**WHAT YOU WILL DO**:
Set down the entries below exactly, leaving out all images.

**EXERCISE DATA**:
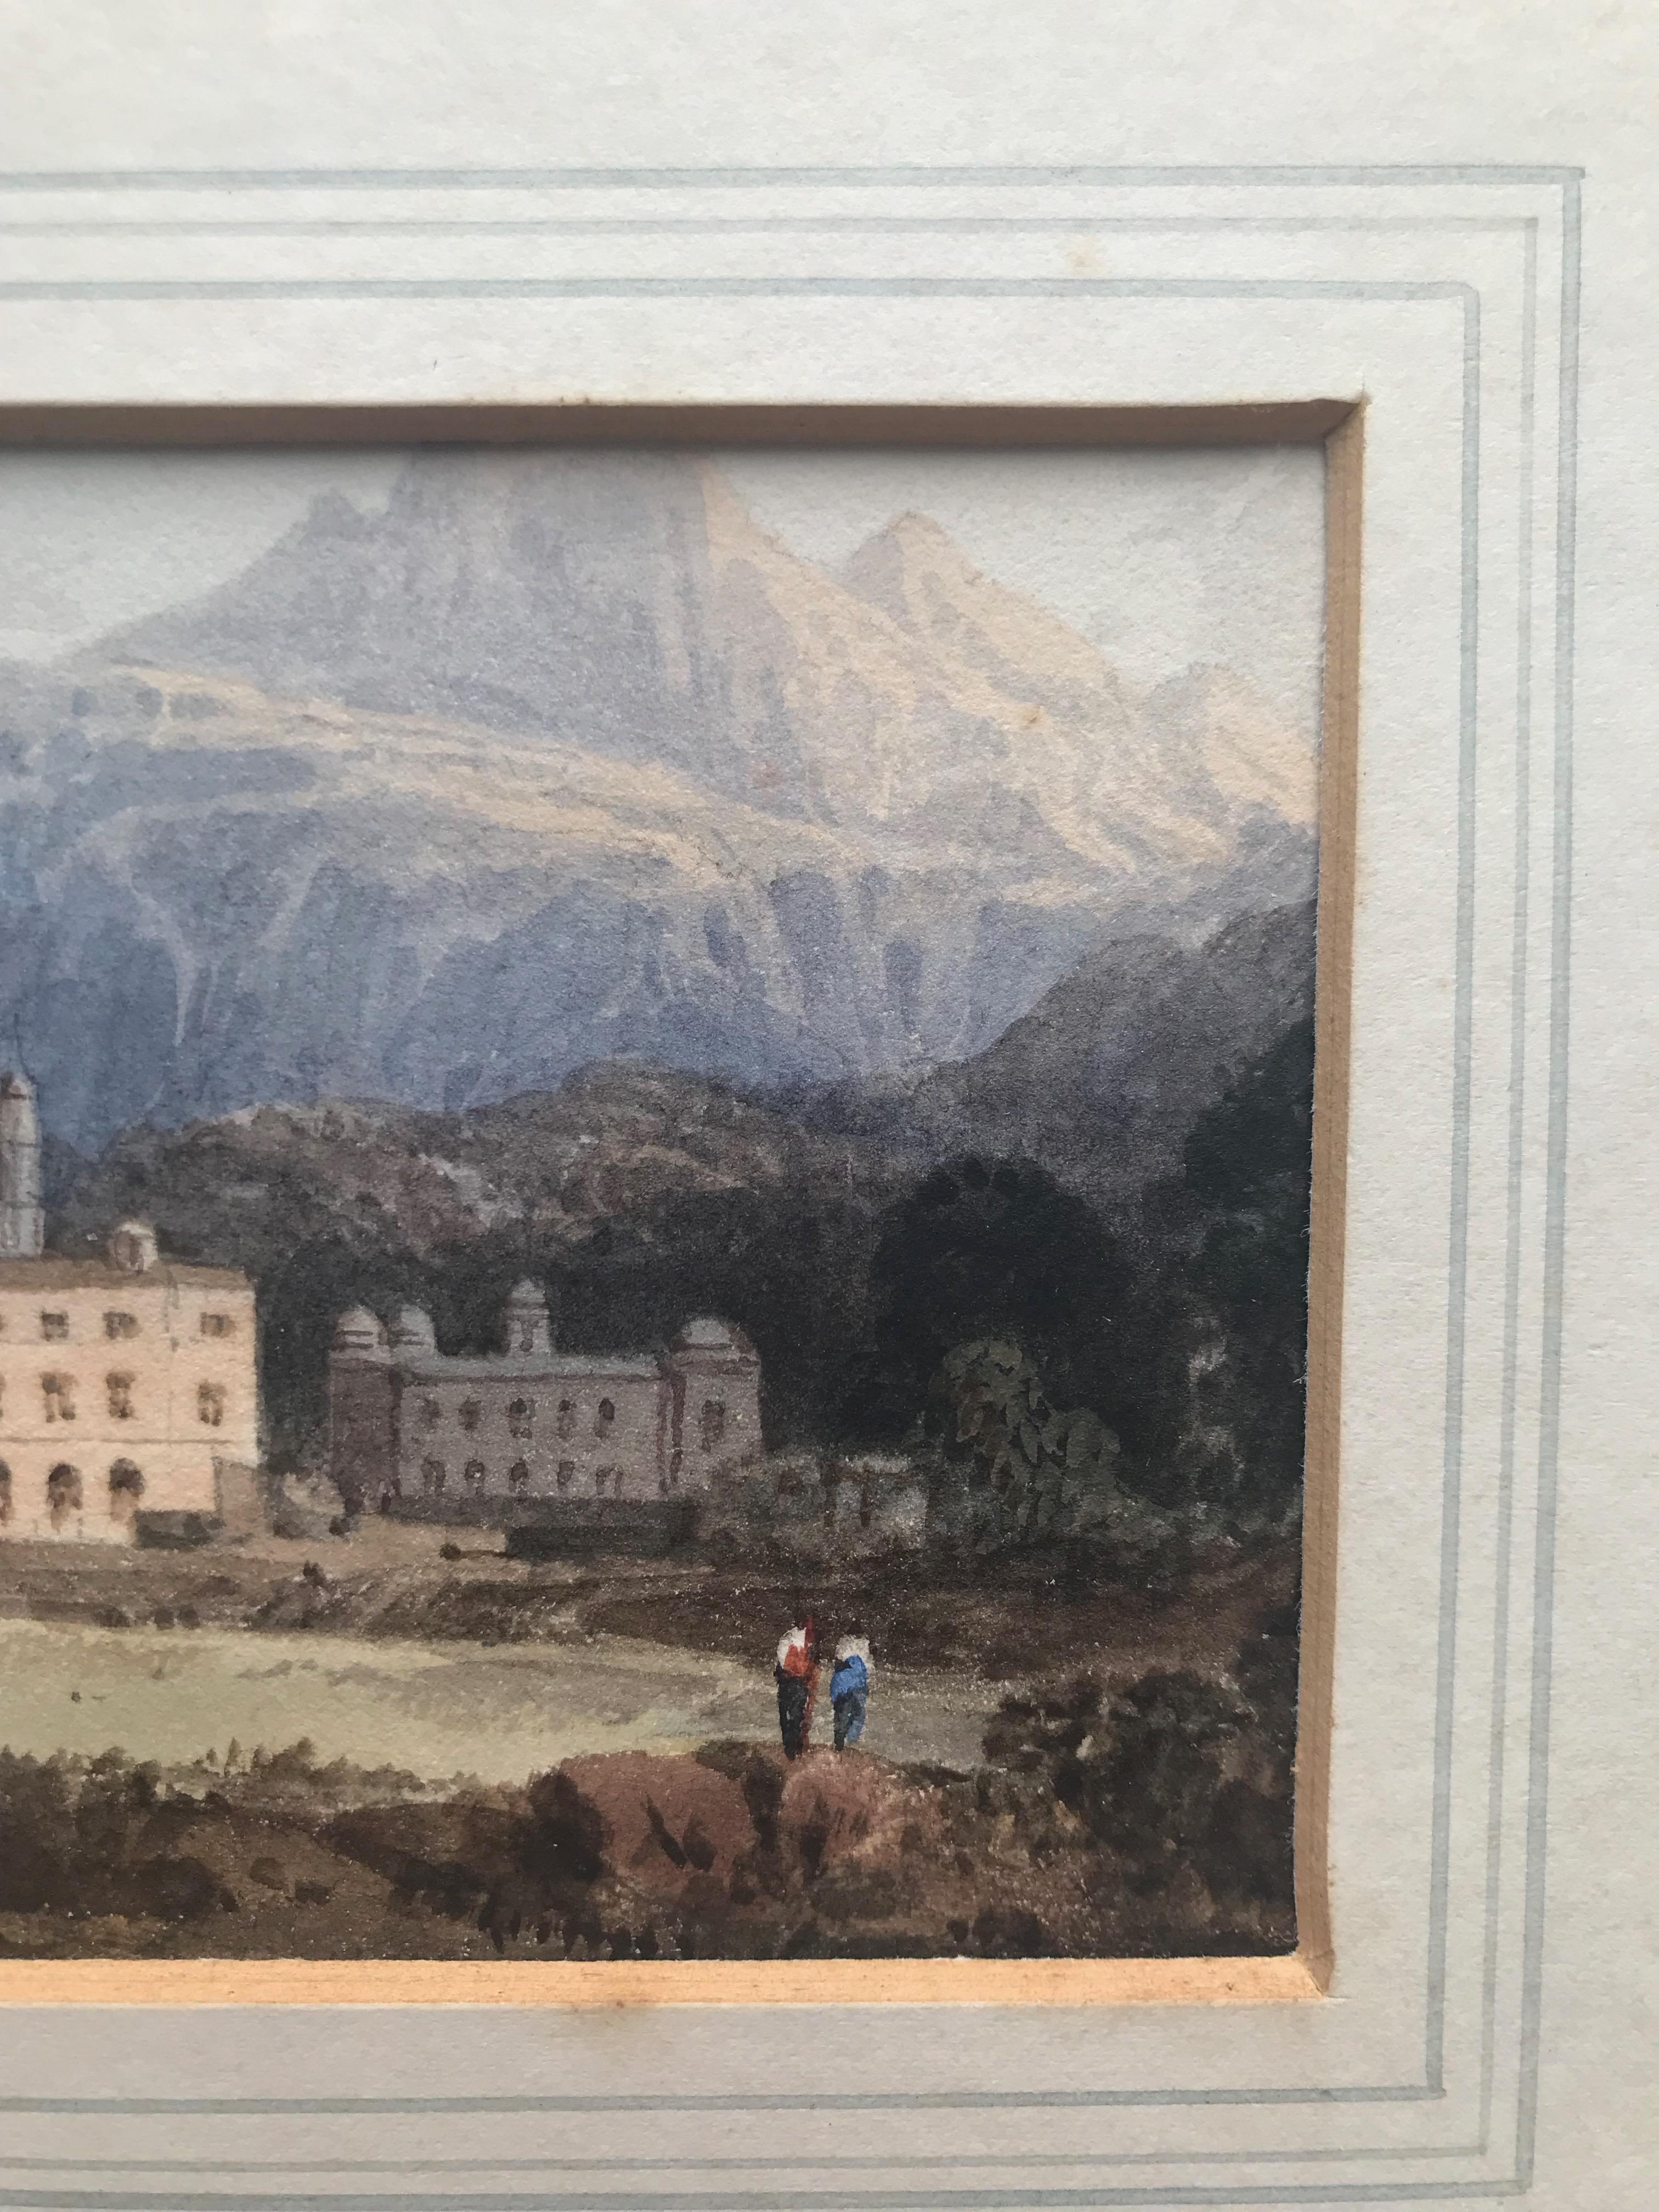 William Crouch (active 1817-1850)
A view of a country estate in the mountains
Watercolour 
3 x 4½
8¼ x 9¼ inches with frame

William Crouch was a prolific artist working in the early to mid 19th century. His pleasing compositions are quite often

**TASK RESPONSE**:
 William Crouch (active 1817-1850)
A view of a country estate in the mountains
Watercolour 
3 x 4½
8¼ x 9¼ inches with frame

William Crouch was a prolific artist working in the early to mid 19th century. His pleasing compositions are quite often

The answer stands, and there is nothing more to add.